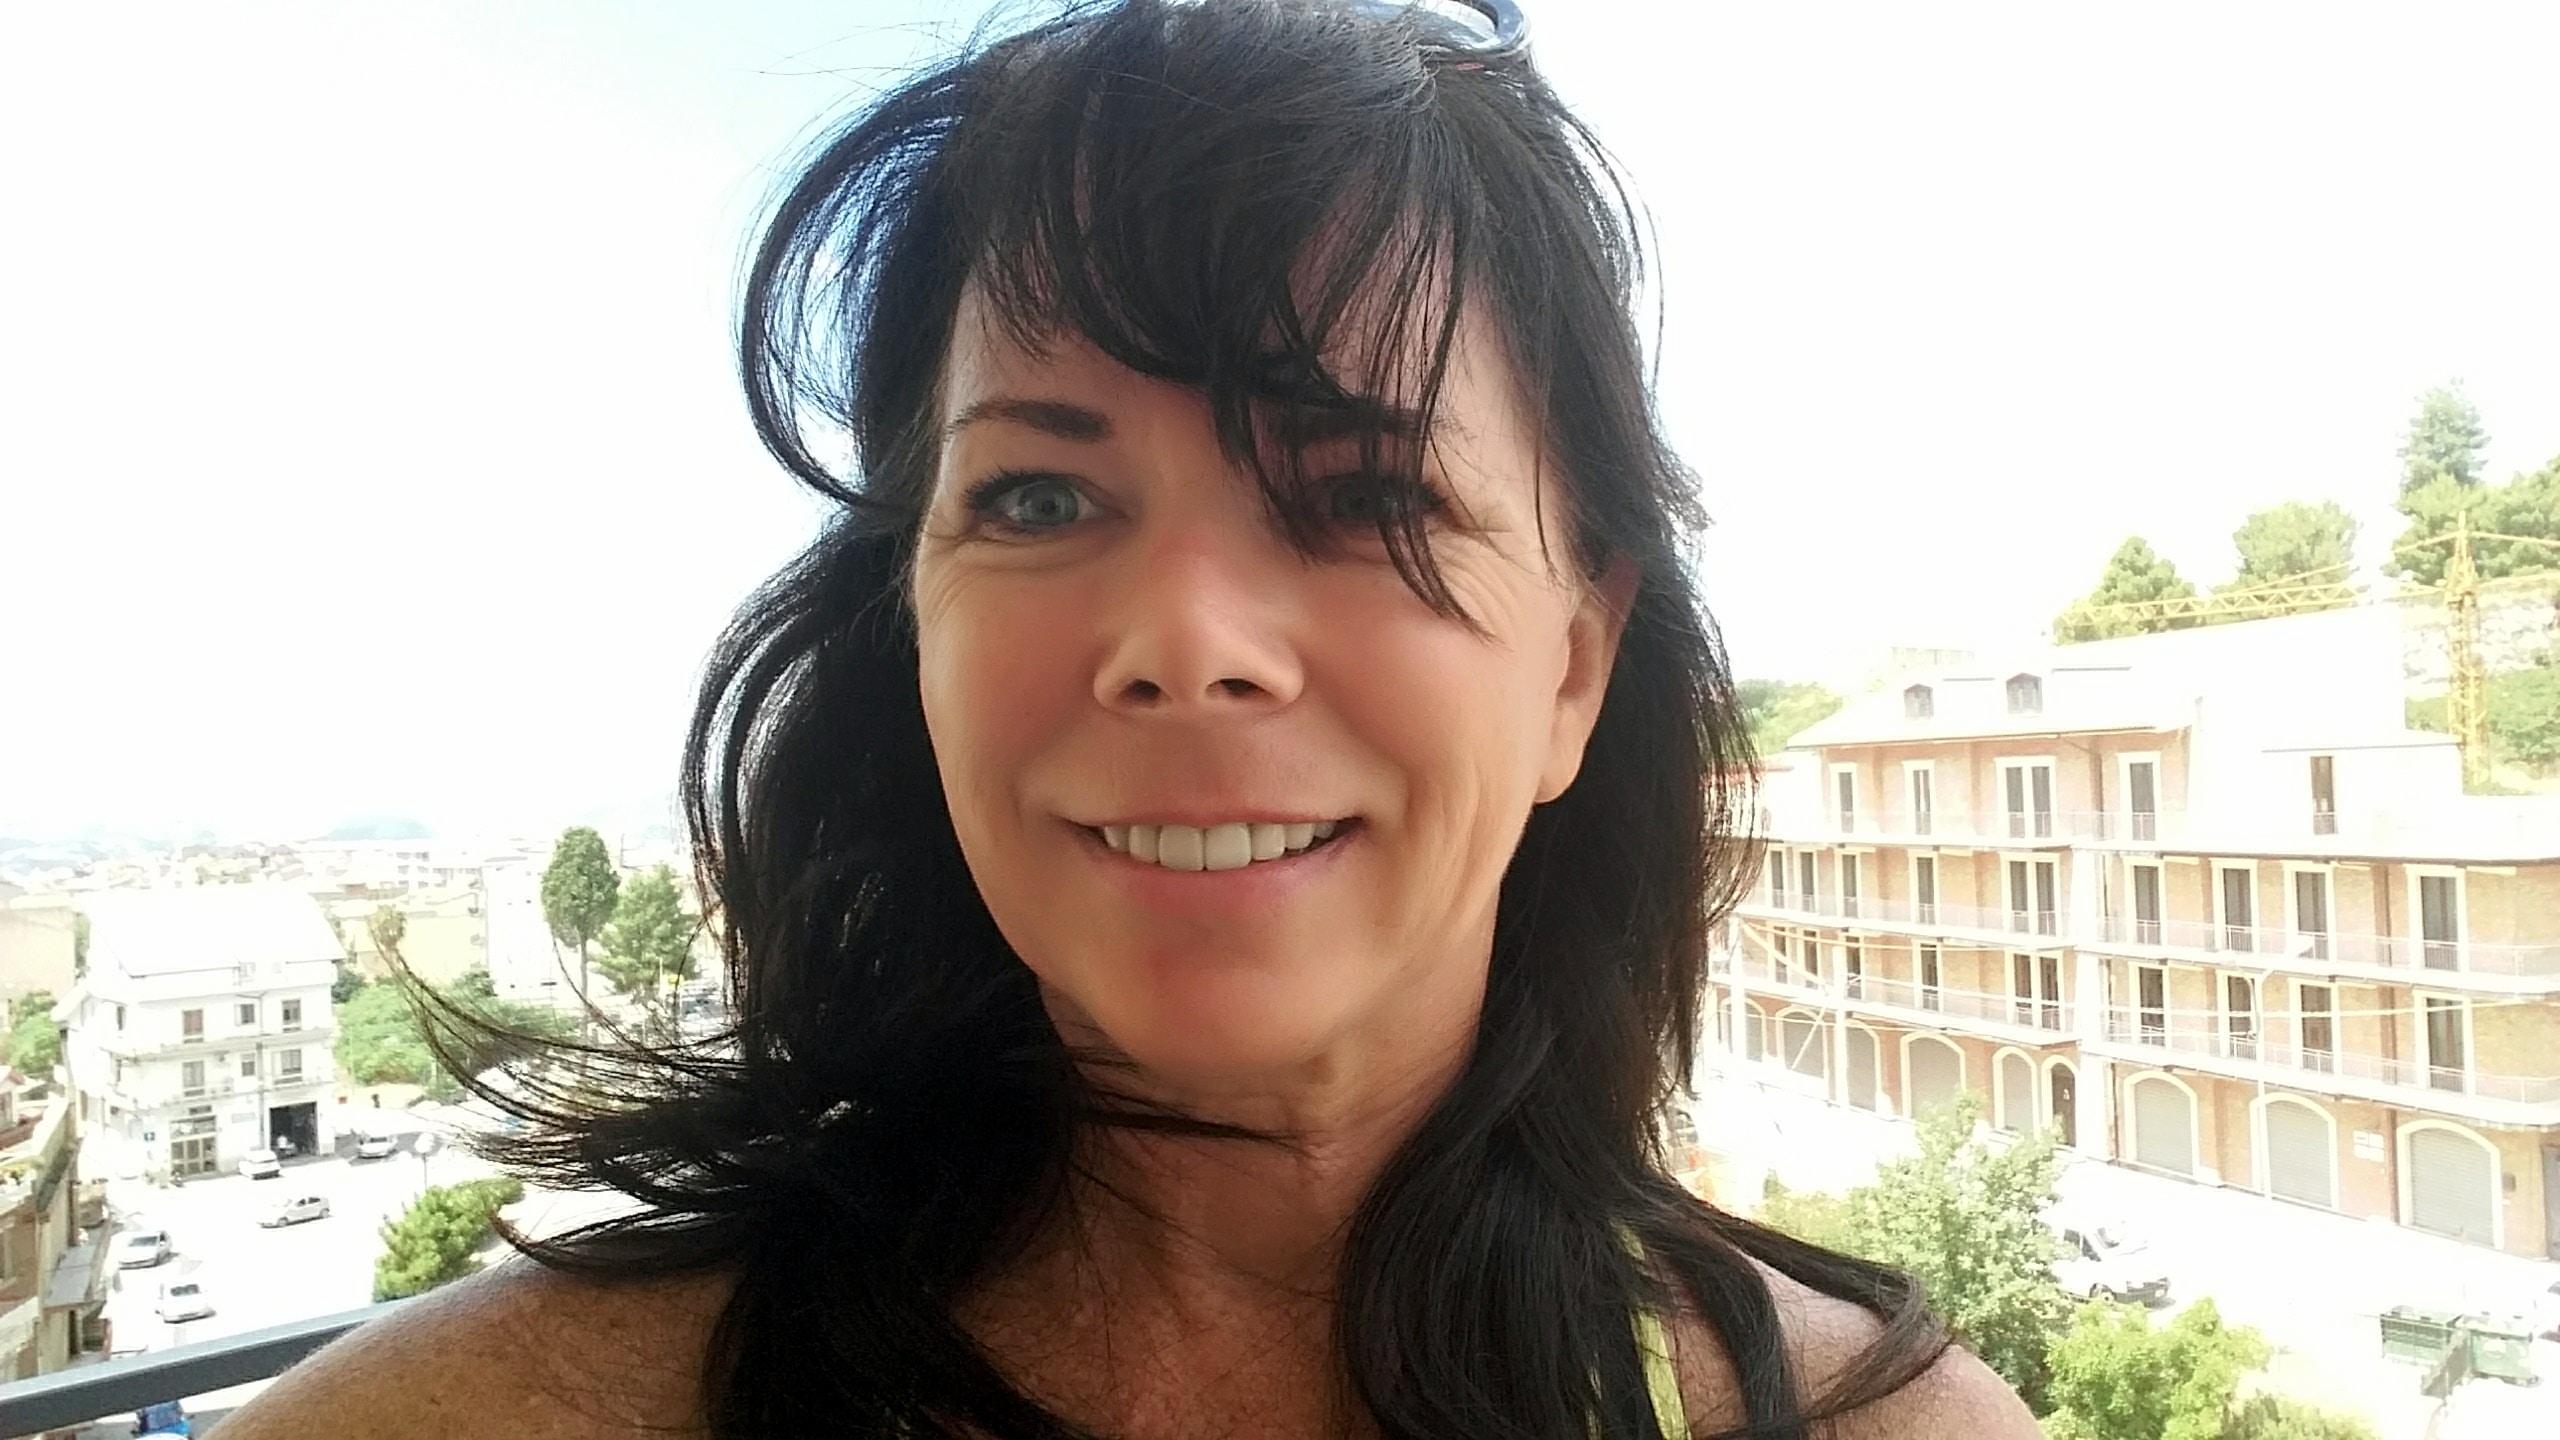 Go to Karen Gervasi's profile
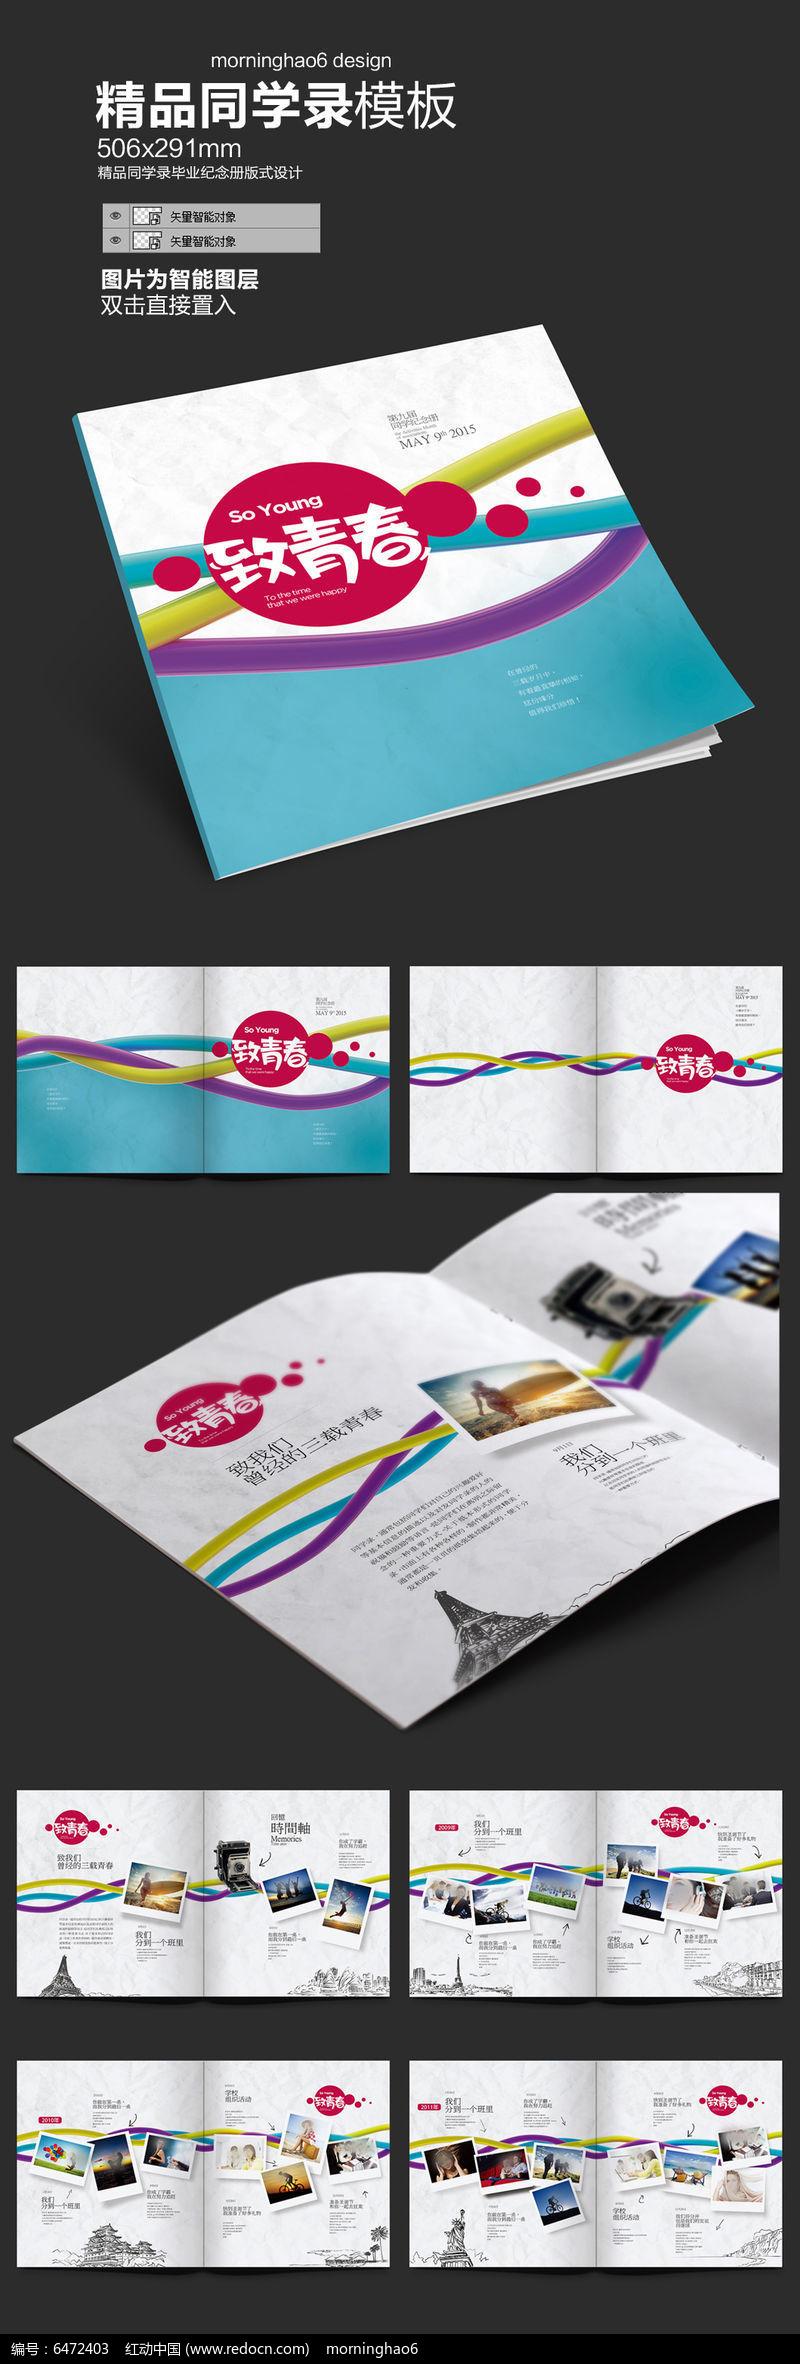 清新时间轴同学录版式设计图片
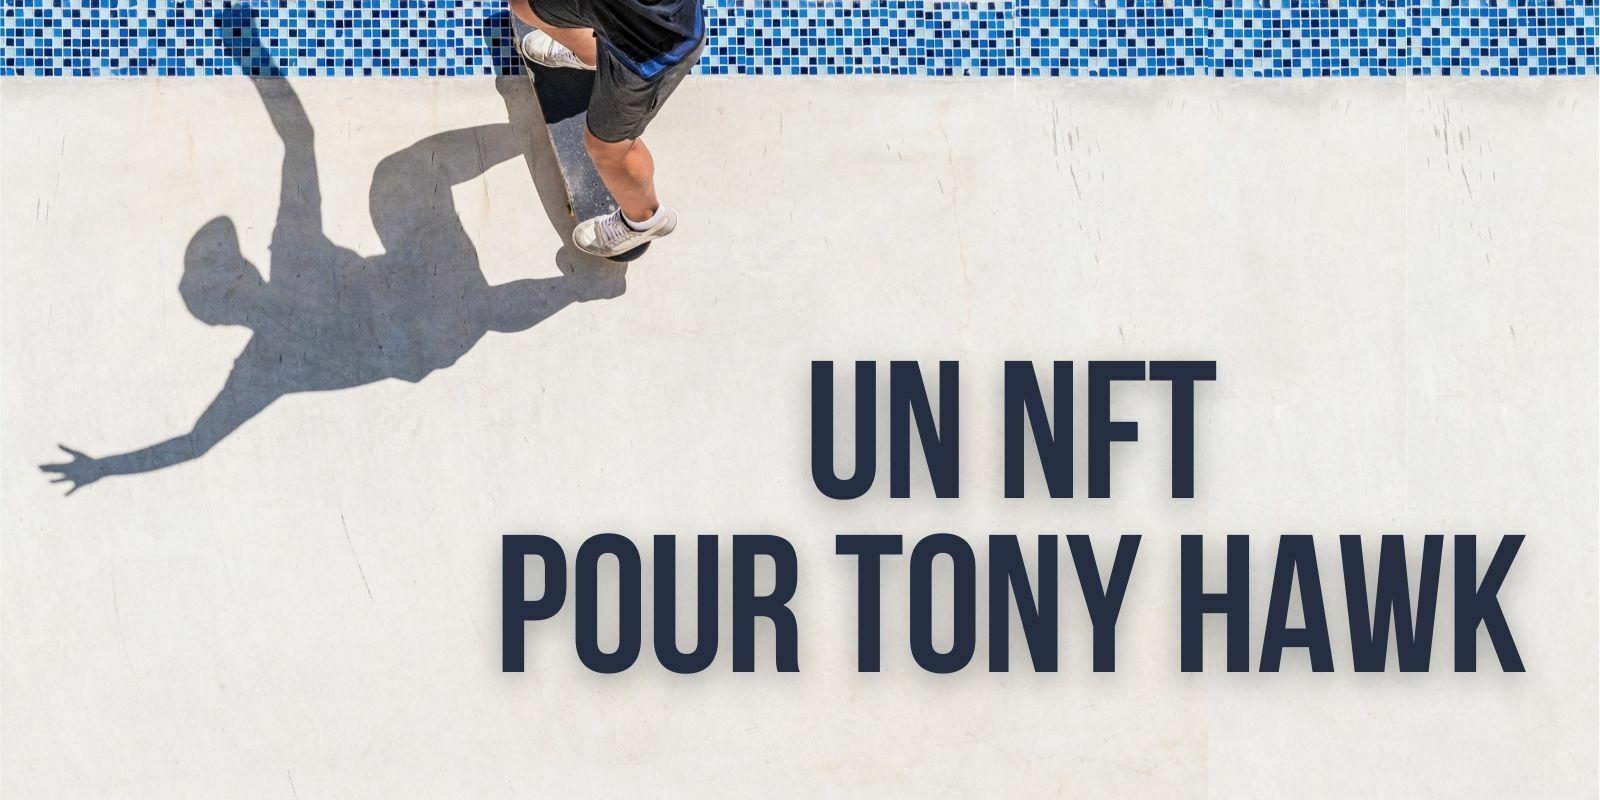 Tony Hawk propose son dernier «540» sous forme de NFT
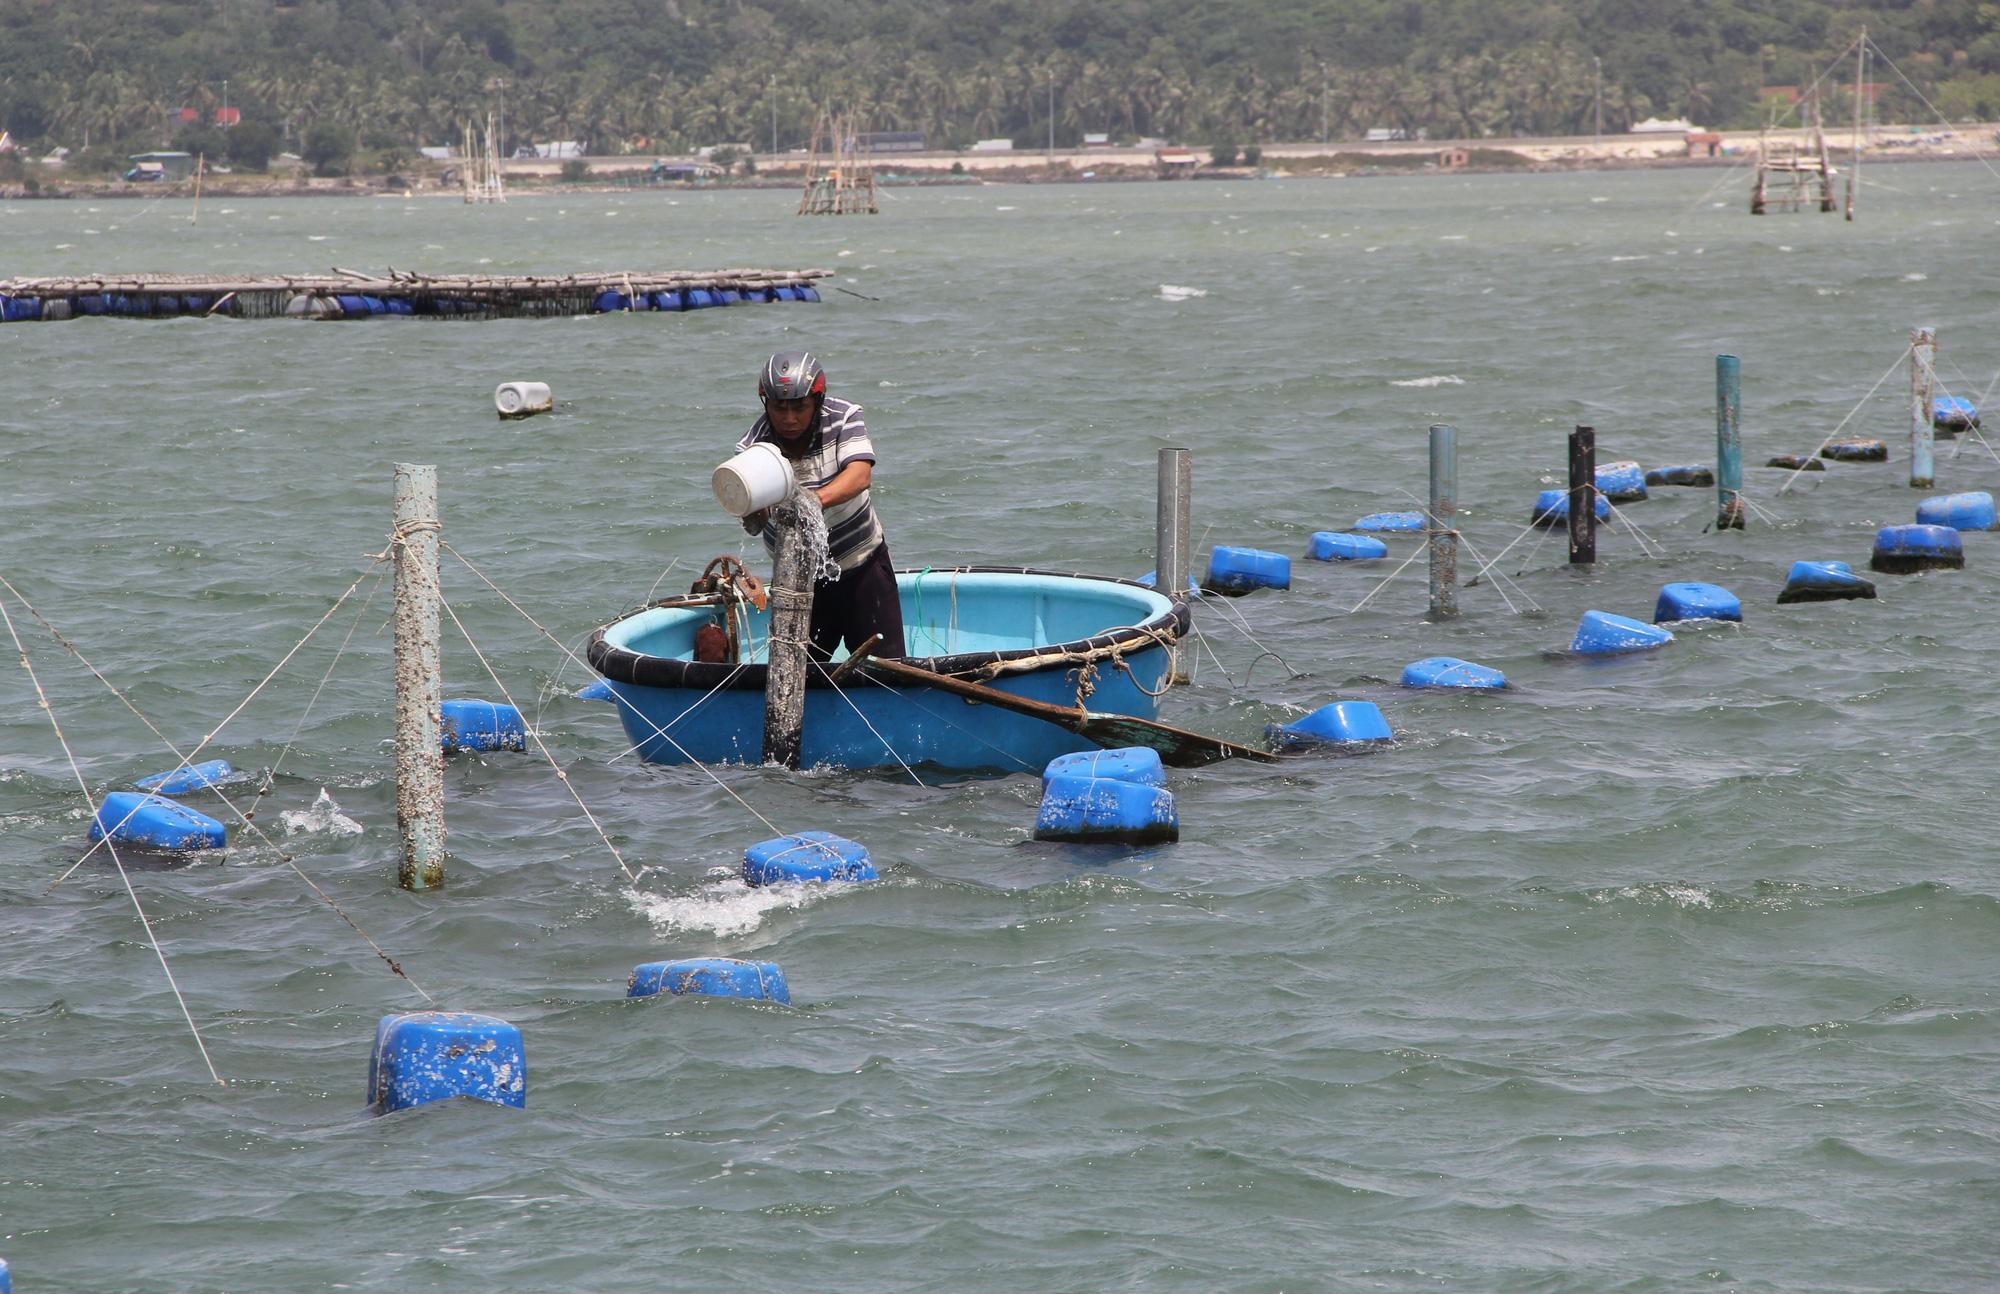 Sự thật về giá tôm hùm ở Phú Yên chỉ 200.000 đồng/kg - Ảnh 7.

## [EXERCISE]
Leaving the pictures aside, transcribe the entire listing exactly.

## [SOLUTION]
 Go to Karen Gervasi's profile
 清新时间轴同学录版式设计图片
 Tony Hawk propose son dernier «540» sous forme de NFT
 Sự thật về giá tôm hùm ở Phú Yên chỉ 200.000 đồng/kg - Ảnh 7.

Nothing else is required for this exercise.